Primary keys or key columns that are different between source and target database. They might be the same columns but the type and/or size are different.
The target database is manipulated by an application program.
The target replicat is MAPped by filters and selection, or the extract DML operations have filters. This will be based on your business needs and may or may not be intentional.
Non-primary key table updates. If all the columns are used for replication there are cases whereby more than one update can occur making subsequent DML operations fail.
Non-primary key table updates where KEYCOLS are used. These keys may not be unique. To test uniqueness of selected keys, run the query on the source database based on these KEYCOLS and sort them.
The language and characterset in use (NLS, double-byte or multibyte charset) is different and may cause unexpected conversion issues automatically done by the database. Use SETENV parameter to change the language and set this before the USERID parameter.
Your source database and target database are of a different type, for example Oracle to MSSQL and the conversion done on the primary keys or key columns are not what you expected.
There are other specific configurations, patches, features, default database behaviors and so on. Search the My Oracle Support (MOS) Knowledge base for the database error number, example: "ORA-01403" under the Oracle GoldenGate core product. Review these knowledge solutions to see if they are related to your issue.
In rare situations, this may be an Oracle GoldenGate bug in that a particular DML was not captured or the values were incorrectly interpreted. Please submit an SR if you think this is the case. You will need to provide in addition to the target replicat reports and materials stated above, all extract reports on the source machine and GoldenGate trails.
Duplicate Mapping in replicat parameter with ALLOWDUPTARGETMAP parameter
Incorrect use of Extract parameter THREADOPTIONS PROCESSTHREADS. This can cause it to miss data.
Possible Solutions
What do you need to investigate a replicat database issue?
For a start you will need the replicat parameter file, report file and discard file.
Report file: Contains all warnings, errors, tables that are already mapped, columns mapped or unmapped and all run time environment settings.
Discard file: Display in detail the issue with mapping this table that generates the database error, the columns, its values, position of the record in the GoldenGate trail.
Parameter file: Usually the parameters are within the report file but this will be useful if the report file has been rolled over (REPORTROLLOVER parameter).
What are the next steps?
Query your target database based on the above data. Depending on the database error, the report file and/or discard file may contain the exact SQL statement used. Nevertheless one should be able to construct the appropriate query. This is to confirm that the replicat has indeed reported the correct database errors.
For example if the Oracle DB error was ORA-01403 which means no data found, your query should be selecting the row with the primary keys or keys as specified. Your query should return the same results as the replicat.
Fixing the replicat.
The first thing to consider is whether you can ignore this error for now and resolve the situation later on. If your business allows you to do so then you may either exclude this table altogether (TABLEEXCLUDE) or simply skip this error (REPERROR , DISCARD). If you skip the error, then start the replicat with REPERROR but run it for a short while (stop replicat) and remove this REPERROR. Then restart the replicat.
Fixing the database.
No matter what the reason is, you will need to resync the table that caused this issue.
Configuration Issue
If you have Duplicate mapping in replicat parameters in the replicat parameter file and ALLOWDUPTARGETMAP parameter is used, DML will be applied twice. This leads to ORA-1403 error on delete operation and ORA-001 error for Insert operation. Remove the duplicate mapping to fix the issue.
Summary, there are a lot of possibilities for a no data found error in a replicat process in GoldenGate.
This could also depend on the type of replicat you are using. Many of them perform queries inside the database prior to actually performing a DML statement. The error you have can often result from a lack of permissions in the target database, or if you are using something like a database vault, or other technology which manipulates how DML is performed.
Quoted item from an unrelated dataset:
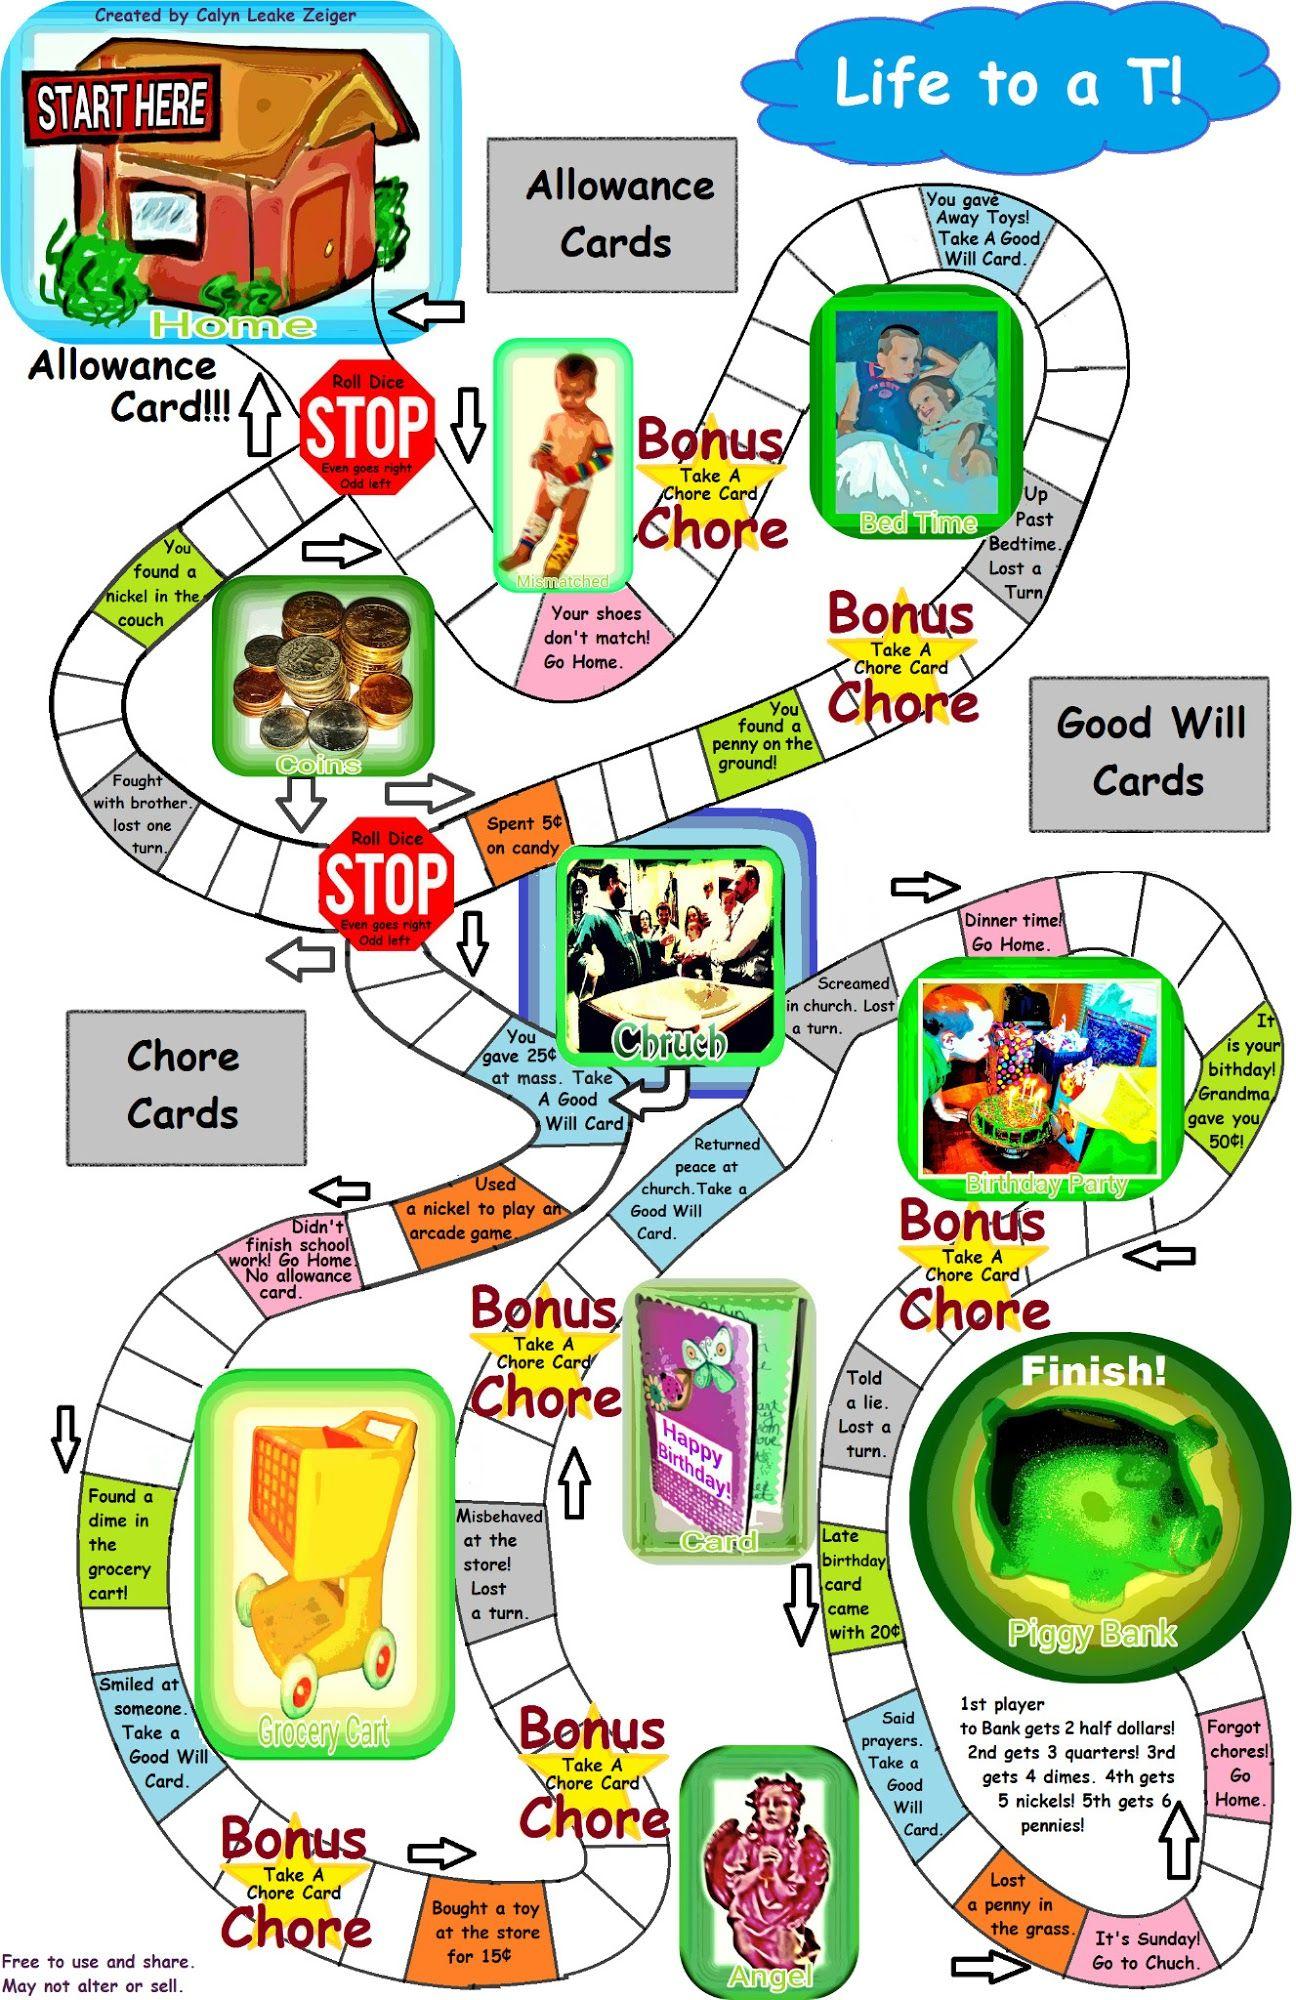 Christian Money Board Game Printable Printable Board Games Money Games For Kids Learning Games For Kids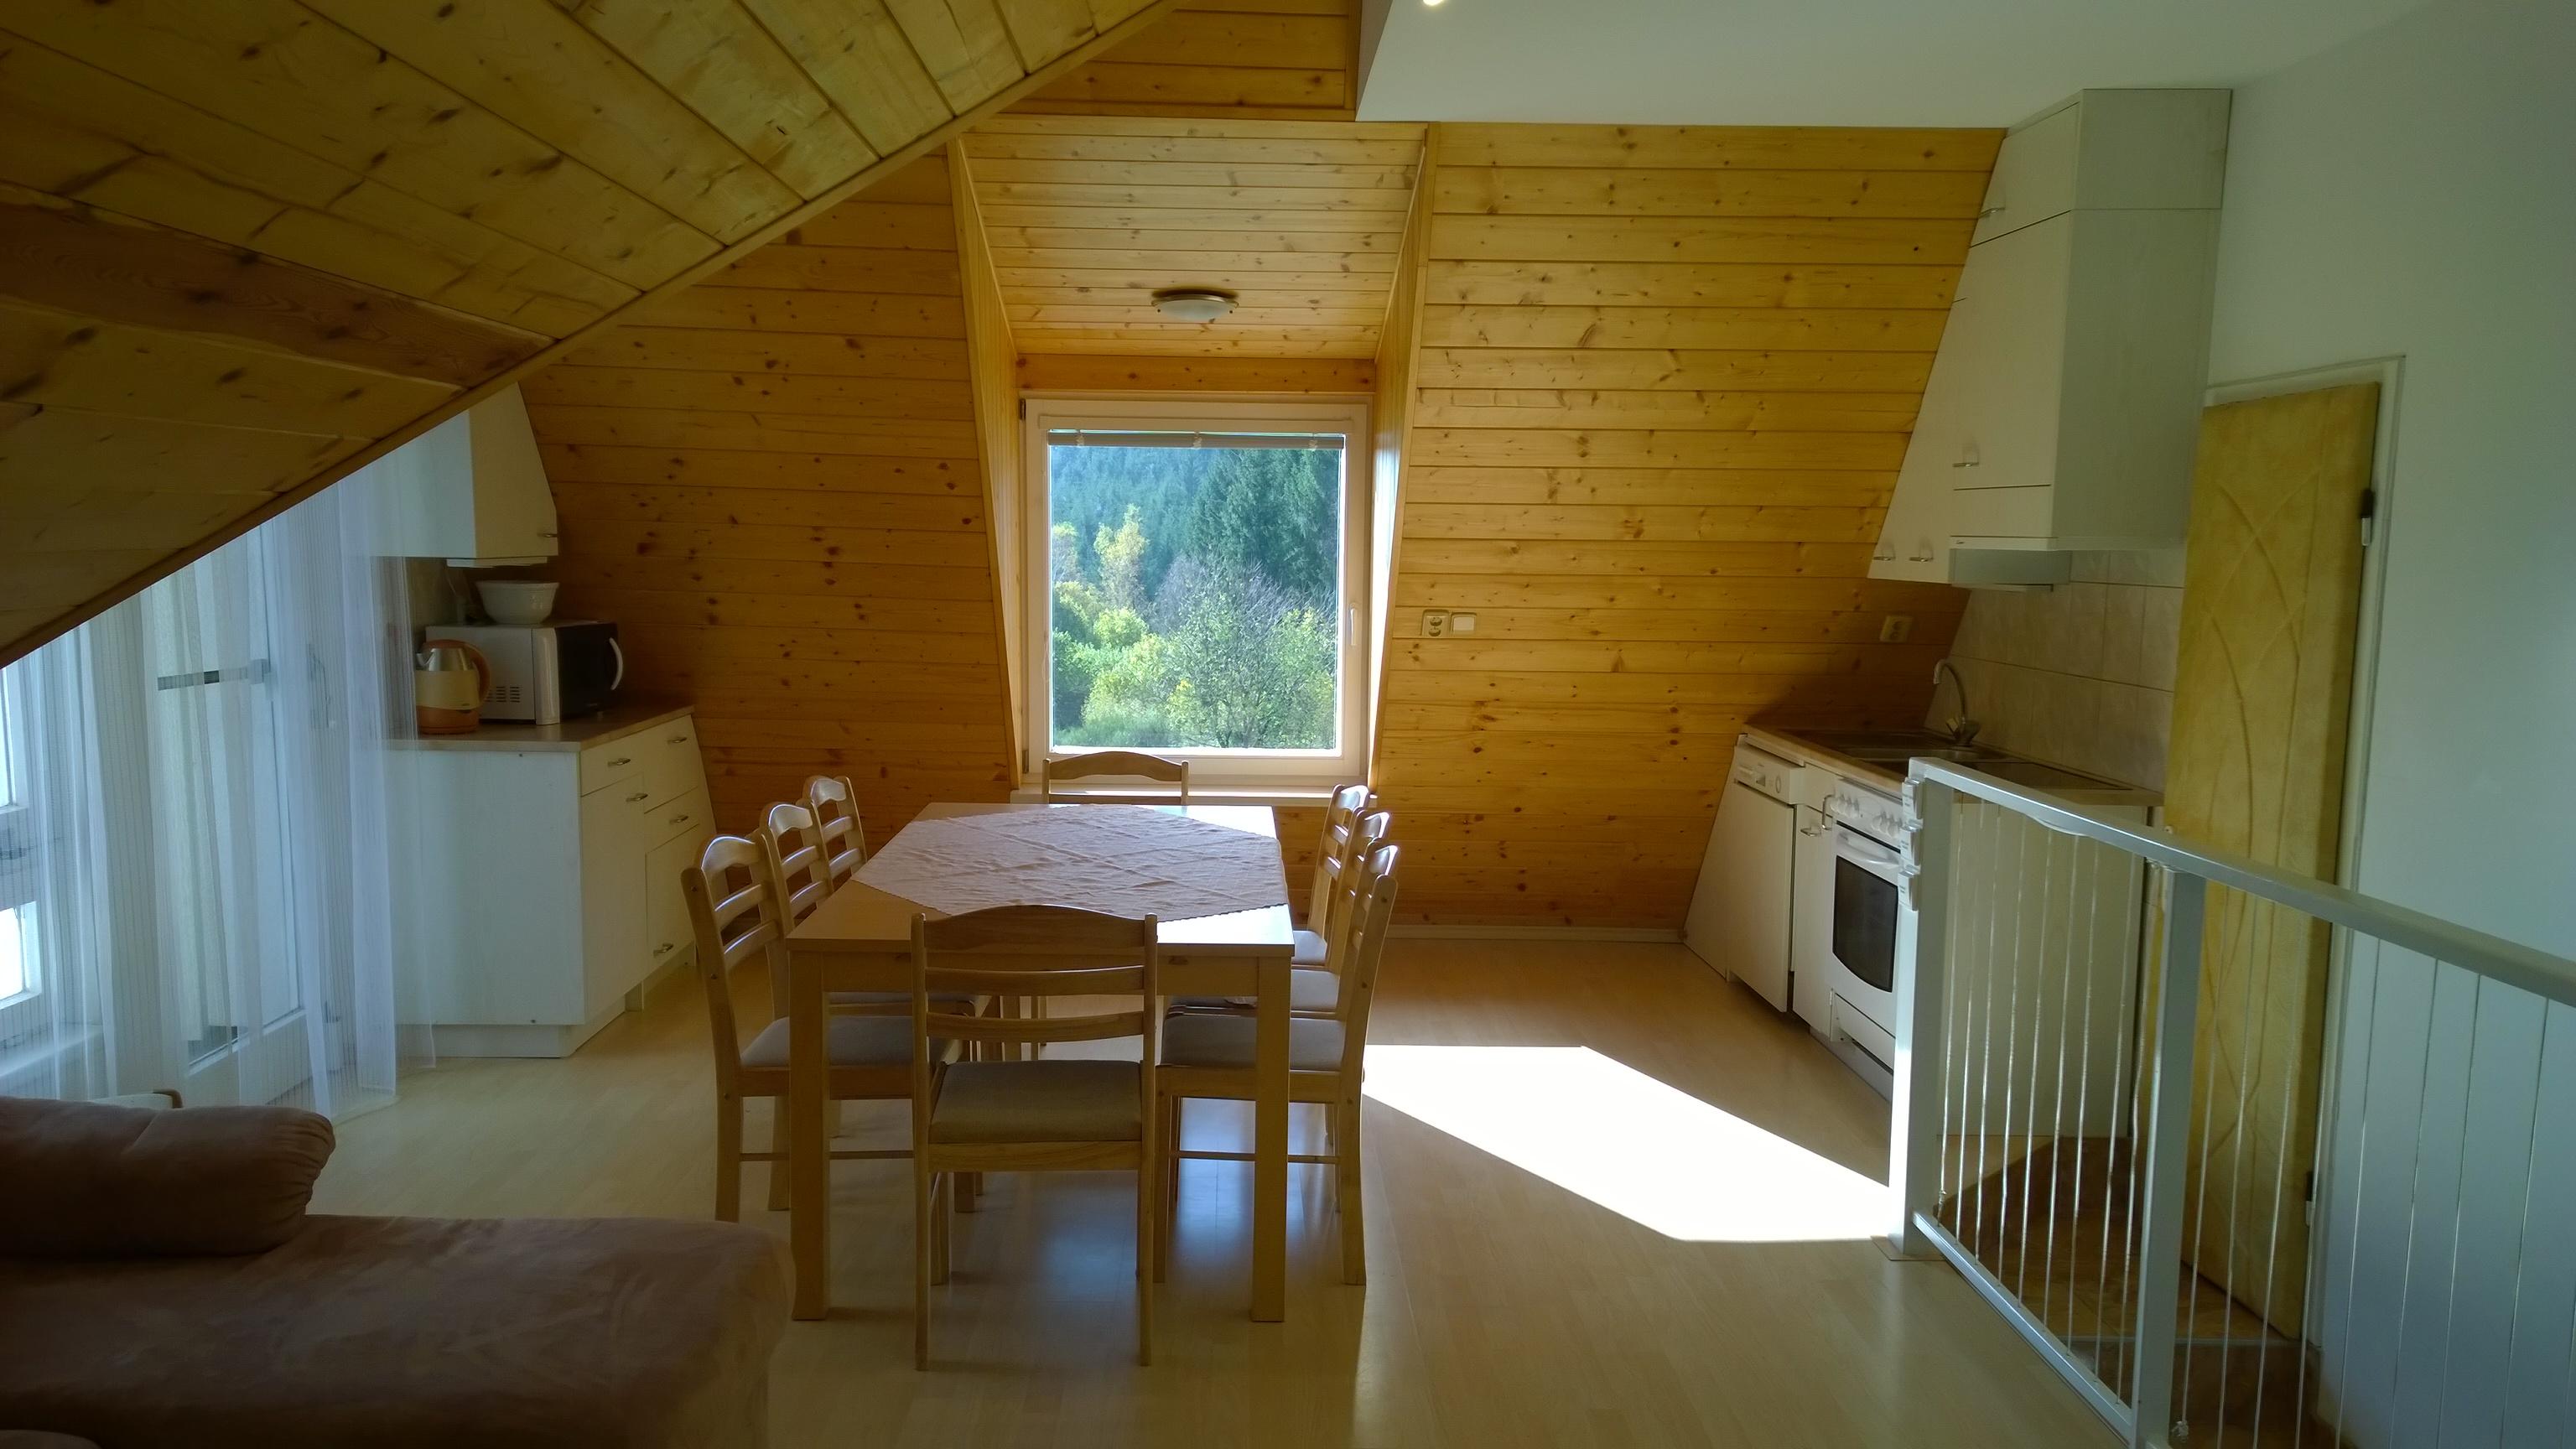 ap. B obývák s kuchyní a balkónem, stul pro až 12 osob, vstupní schody a vchod do ložnice ap. C, dvo

Oracle deadlock output when caused by foreign keys

We have a multi-threaded batch job ending up in deadlock. I am getting conflicting answers from our dba's as to what actually causes the deadlock.
Caused by: java.sql.SQLException: ORA-00060: deadlock detected while waiting for resource
The error output references the sql for inserting into table A. Every row going into table A should be unique. Table A has foreign keys on two other tables, both of which are indexed and primary keys made up of two columns. Many rows in Table A can point to the same FK in the parent tables. Our code handles FK errors by trying to insert into parent tables and then trying into Table A again.
The sql in the trace log refers to the Table A insert sql (does not show param binding values). Does this mean definitively that there are two identical sql statements trying to be inserted into Table A in which case our prior logic is not thread-safe somewhere? Or could it really be that there are two inserts both referencing an unsatisfied FK? And the deadlock occurs from our error handling in trying to insert into the parent table. If so, would the sql in the trace not then reference the parent table sql?
Or perversely, does the original insert attempt put a lock on the row and then after handling the error, does the second attempt of the insert cause the deadlock? Any further debugging assistance?
There's not much info to work with, but my guess would be that two threads are trying to insert the same rows into one of the 'two other tables' at the same time. Idea on debugging below
Use a trigger on table A and on the other two tables ( 3 triggers in total) that write the inserted data to logging tables in an autonomous transaction that commits. This way you can see the uncommitted inserts that were rolled back due to the deadlock (the rows that exists in the logging tables but not in the actual tables are the ones that were rolled back).
HTH, KR

Codeigniter ORA-00001: unique constraint

This error: Message: oci_execute (): ORA-00001: unique constraint (SCHEMA_NAME.NAME CONSTRAINT) violated
I wonder if I do not how to handle the error more simply, more generic.
Because otherwise I will have to work on each function of the models to check the data before adding, for no duplications and not give the error noted above.
Does anyone know a simple way to solve this?
Thanks.
There is a hint that can be specified that will allow the statement to succeed without inserting the duplicated data. It can be useful for replication or bulk data loading where the job may attempt to insert the same data multiple times. I wouldn't recommend it as part of a user application.
"The IGNORE_ROW_ON_DUPKEY_INDEX hint applies only to single-table INSERT operations. It is not supported for UPDATE, DELETE, MERGE, or multitable insert operations. IGNORE_ROW_ON_DUPKEY_INDEX causes the statement to ignore a unique key violation for a specified set of columns or for a specified index. When a unique key violation is encountered, a row-level rollback occurs and execution resumes with the next input row."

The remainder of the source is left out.